┌──

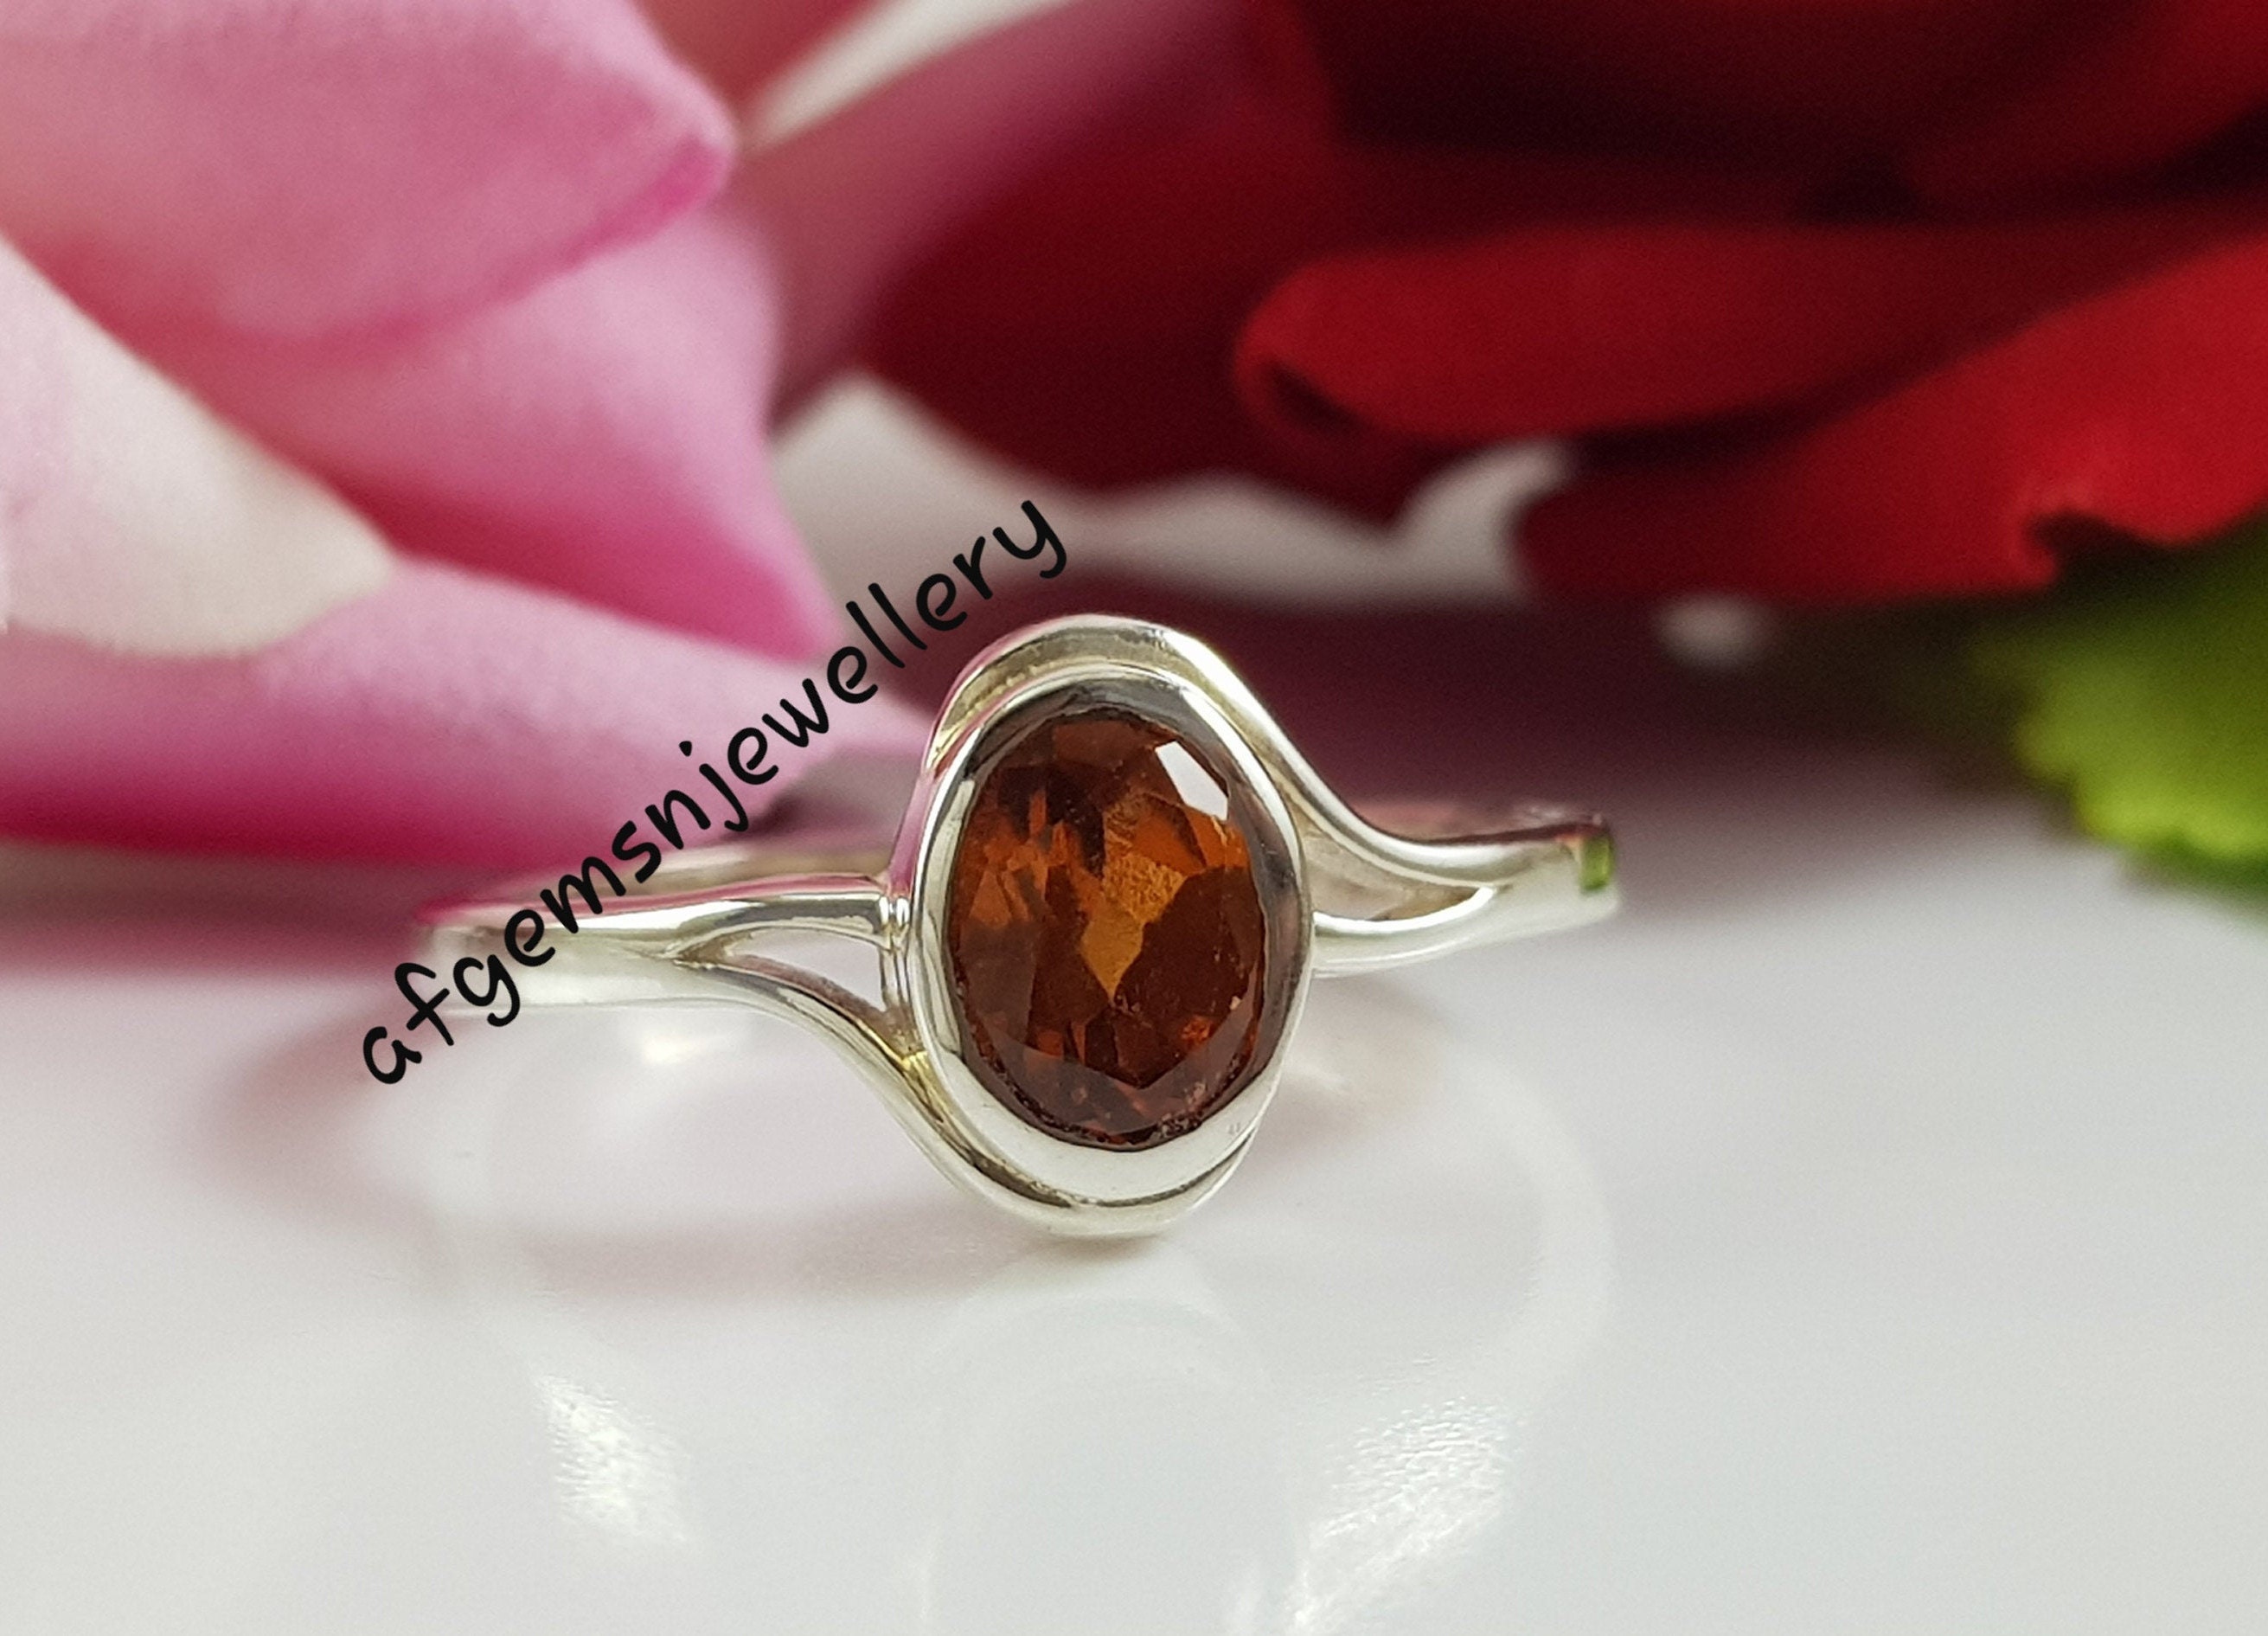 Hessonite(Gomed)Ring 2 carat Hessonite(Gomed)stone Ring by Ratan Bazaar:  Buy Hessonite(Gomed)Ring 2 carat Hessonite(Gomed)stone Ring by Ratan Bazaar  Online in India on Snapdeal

└──
┌──

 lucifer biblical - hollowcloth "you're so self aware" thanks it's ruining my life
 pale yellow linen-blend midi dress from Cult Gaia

└──

- Required work: Above are the records; repeat exactly the lines from the one holding "lucifer biblical - hollowcloth" down to the one holding "pale yellow linen-blend", end lines included.

- Result for this task:
 lucifer biblical - hollowcloth "you're so self aware" thanks it's ruining my life
 pale yellow linen-blend midi dress from Cult Gaia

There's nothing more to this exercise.